▼

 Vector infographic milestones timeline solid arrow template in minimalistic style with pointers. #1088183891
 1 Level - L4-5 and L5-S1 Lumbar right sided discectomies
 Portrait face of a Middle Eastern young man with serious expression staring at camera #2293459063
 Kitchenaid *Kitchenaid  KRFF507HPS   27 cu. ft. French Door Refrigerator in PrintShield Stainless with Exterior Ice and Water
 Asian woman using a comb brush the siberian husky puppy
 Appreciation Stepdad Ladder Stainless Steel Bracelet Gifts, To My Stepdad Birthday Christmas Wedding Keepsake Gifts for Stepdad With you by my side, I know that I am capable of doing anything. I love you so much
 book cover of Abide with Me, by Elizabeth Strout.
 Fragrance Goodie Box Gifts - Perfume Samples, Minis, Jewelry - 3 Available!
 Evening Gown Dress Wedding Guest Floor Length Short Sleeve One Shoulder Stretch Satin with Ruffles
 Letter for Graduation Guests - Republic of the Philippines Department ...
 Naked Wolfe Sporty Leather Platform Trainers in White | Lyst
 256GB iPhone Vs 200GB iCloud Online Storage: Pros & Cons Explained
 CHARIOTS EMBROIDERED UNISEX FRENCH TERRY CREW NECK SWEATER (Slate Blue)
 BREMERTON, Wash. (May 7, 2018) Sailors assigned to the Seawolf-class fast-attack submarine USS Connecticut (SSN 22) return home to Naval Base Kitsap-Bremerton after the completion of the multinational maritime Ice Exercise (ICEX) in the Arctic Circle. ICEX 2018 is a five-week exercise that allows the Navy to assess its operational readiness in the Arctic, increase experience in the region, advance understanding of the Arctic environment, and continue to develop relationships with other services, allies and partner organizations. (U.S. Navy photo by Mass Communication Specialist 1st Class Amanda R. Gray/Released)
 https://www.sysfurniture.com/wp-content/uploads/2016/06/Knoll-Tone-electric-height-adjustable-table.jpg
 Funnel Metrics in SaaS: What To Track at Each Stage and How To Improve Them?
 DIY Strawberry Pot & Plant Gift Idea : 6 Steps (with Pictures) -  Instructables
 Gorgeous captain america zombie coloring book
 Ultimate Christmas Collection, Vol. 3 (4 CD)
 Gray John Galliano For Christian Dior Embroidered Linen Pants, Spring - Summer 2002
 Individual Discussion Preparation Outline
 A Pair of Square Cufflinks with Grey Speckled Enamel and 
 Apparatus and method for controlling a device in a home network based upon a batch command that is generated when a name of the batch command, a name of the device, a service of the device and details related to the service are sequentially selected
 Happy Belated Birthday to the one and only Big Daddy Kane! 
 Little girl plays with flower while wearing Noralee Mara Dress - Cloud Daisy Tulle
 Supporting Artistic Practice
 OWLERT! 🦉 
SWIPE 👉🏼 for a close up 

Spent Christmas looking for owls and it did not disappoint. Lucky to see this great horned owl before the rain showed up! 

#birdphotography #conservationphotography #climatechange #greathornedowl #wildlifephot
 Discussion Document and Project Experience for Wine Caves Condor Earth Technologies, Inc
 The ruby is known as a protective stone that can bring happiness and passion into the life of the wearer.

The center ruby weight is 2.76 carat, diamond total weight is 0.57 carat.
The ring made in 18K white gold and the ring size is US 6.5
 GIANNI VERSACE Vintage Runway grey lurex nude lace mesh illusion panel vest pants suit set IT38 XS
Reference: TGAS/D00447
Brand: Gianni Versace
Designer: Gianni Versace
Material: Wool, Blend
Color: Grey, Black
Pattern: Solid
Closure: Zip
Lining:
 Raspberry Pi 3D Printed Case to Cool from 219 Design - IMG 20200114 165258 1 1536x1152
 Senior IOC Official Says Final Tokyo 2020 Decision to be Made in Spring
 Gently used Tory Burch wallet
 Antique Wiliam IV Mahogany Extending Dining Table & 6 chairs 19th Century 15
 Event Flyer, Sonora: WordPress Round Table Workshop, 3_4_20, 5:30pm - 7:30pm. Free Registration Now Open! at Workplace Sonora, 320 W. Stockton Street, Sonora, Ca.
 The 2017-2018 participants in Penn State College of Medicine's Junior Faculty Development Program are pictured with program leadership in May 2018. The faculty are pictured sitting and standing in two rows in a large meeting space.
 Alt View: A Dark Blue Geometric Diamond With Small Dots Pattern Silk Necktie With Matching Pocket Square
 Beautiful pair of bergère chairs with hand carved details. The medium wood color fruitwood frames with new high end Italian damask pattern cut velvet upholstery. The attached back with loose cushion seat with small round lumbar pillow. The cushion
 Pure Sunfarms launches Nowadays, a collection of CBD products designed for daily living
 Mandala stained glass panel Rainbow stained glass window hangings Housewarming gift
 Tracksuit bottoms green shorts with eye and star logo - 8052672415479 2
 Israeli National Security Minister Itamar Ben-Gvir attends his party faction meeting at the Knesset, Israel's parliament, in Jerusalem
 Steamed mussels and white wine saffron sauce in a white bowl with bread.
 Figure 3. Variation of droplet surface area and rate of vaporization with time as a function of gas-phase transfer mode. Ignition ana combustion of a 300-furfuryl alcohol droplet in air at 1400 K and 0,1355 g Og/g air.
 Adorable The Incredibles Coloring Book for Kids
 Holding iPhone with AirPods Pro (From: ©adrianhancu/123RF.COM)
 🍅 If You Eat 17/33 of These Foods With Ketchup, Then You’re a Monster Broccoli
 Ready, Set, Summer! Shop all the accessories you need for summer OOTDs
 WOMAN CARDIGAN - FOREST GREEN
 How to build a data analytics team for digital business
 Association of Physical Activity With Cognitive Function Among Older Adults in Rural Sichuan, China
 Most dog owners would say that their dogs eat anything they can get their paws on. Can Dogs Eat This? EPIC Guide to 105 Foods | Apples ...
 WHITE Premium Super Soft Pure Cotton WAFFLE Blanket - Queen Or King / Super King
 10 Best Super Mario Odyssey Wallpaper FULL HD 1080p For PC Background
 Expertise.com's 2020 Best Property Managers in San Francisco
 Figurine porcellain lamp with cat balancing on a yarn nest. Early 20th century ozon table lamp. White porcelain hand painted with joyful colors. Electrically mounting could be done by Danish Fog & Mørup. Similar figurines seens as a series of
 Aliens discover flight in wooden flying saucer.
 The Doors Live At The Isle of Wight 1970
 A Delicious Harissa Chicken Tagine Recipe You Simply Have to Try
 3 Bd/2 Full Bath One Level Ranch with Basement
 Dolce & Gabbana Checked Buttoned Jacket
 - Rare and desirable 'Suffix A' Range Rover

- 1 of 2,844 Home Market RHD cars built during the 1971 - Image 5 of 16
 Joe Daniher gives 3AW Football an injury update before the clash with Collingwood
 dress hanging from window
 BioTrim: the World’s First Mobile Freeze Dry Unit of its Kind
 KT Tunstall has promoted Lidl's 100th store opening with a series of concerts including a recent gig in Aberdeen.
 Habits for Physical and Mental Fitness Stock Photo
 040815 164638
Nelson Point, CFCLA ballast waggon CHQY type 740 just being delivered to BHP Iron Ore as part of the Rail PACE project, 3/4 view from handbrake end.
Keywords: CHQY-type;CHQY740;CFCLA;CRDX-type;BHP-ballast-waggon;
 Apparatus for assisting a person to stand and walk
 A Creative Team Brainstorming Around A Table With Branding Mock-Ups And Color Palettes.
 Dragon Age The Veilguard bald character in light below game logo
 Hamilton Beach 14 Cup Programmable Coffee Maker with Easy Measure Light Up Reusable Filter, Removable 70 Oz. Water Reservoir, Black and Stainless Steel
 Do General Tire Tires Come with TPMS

▲

§ **Directions**: Every line that holds the string "before" must be copied from the records above.

§ **Answer box**:
Spent Christmas looking for owls and it did not disappoint. Lucky to see this great horned owl before the rain showed up! 
 Joe Daniher gives 3AW Football an injury update before the clash with Collingwood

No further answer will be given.